REGIONAL BLOCKADE PREPARATION AND SETUP
A quiet environment with all equipment necessary to perform regional anesthesia, together with resuscitation drugs and equipment within reach, is of paramount importance. An ideal location is an induction room where the patient can be monitored, premedicated and the regional block performed before transferring to the operating theater. A designated block area can be used to provide suitable, monitored procedure environment while optimizing operating room efficiency.
When performing the block, an assistant trained in regional anesthesia should be present to prepare and handle equipment and help with the injectate. The assistant should also be trained in performing resuscitation if it becomes necessary.

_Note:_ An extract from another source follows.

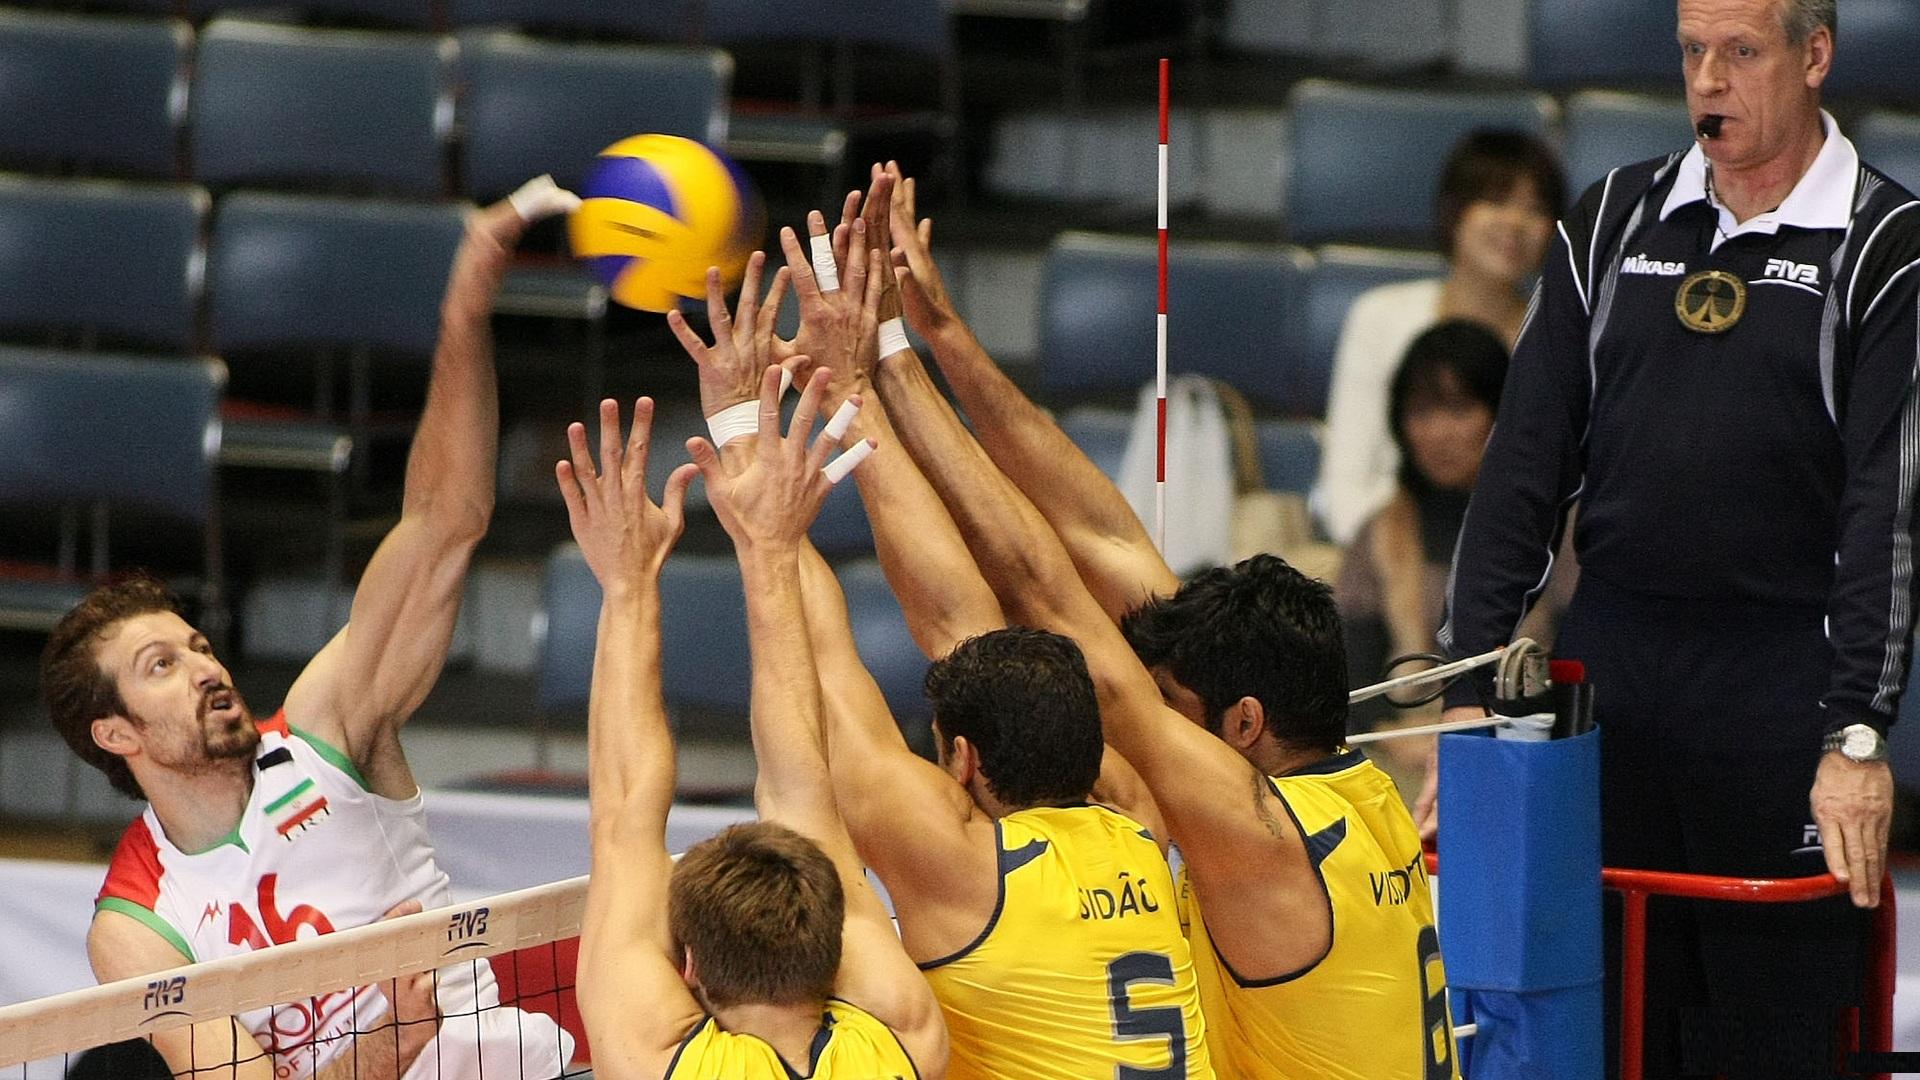 Wallpaper Volleyball Quotes Volleyball Wallpapers Hd Pixelstalk Net

Regardless of where the block is performed, it is essential to have all equipment, drugs, and monitoring readily available. The best way to gather all the necessary equipment and drugs is the setup of a storage cart (Figure 12–1), which should be well labeled with the supplies readily identifiable.
Equipment storage cart with clear identification of supplies and medication.
Block Area General Equipment
Commonly used items should be stocked in the storage cart and refilled when necessary. The storage cart should contain the following:
Sterile skin preparation solution, sponges/gauze, drape, marking pen, ruler for landmark identification, ultrasound gel, hypodermic needles for skin infiltration and drawing up 5% dextrose (5% dextrose in water, D5W).
A selection of sedatives, for example, midazolam (0.5–3 mg IV), and short-acting opioids such as fentanyl (50–100 μg IV), and propofol (20–100 mg IV) for nerve blocks that are more uncomfortable and ...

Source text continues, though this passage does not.